The case stems from the saga of Ruben Flores-Villar who was born in Mexico in 1974 to an unmarried Mexican mother and a US-citizen father. At two months old, the child was brought to the US and raised by his father and grandmother. He grew up in San Diego County but never applied to become a US citizen.

In 1997, Flores-Villar was convicted of marijuana smuggling and sentenced to two years in prison. After serving his sentence he was deported to Mexico. In the years that followed, he returned to the US and was deported again at least six times. In his most recent case, his lawyer challenged the deportation order by arguing that Flores-Villar, as the child of a US citizen, was, himself, a US citizen who could not be deported.

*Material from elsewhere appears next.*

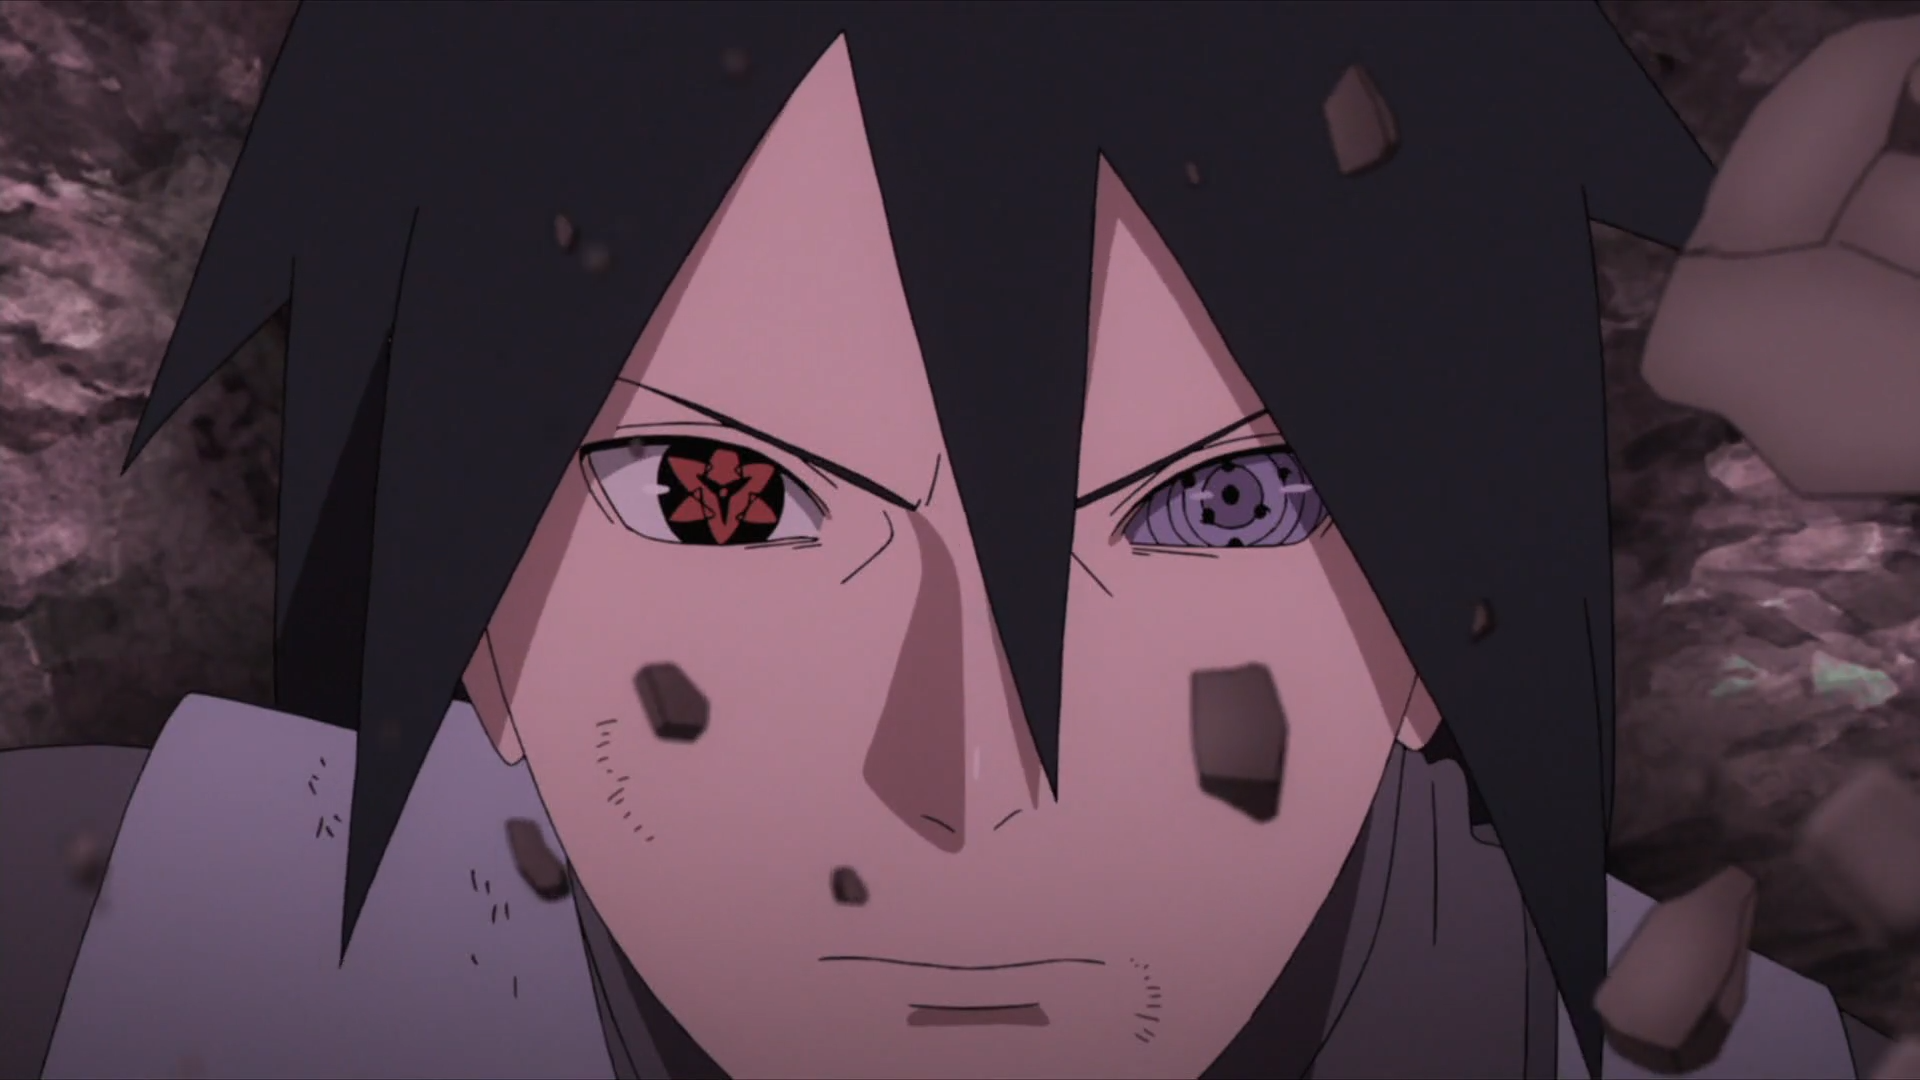 5 personagens de Boruto: Naruto Next Generations que já estão no

Immigration officials disagreed. At the time of Flores-Villar’s birth, his father was 16 years old. Under the relevant immigration law, the unwed father of a child born outside the US to a non-citizen mother must have been present in the US for five years after age 14 to transmit citizenship to the newborn child.

US officials said it was impossible for Flores-Villar’s father to satisfy the statutory requirement since he was 16 at the time of the birth.

In contrast, had it been Flores-Villar’s mother who was the US citizen, the baby would have qualified immediately for American citizenship provided the mother had spent at least one continuous year in the US prior to the birth.

Flores-Villar’s lawyers attacked the gender-based standards in the 70-year-old immigration law as illegal discrimination. They charged that it violated the Fifth Amendment’s guarantee of equal protection of the laws.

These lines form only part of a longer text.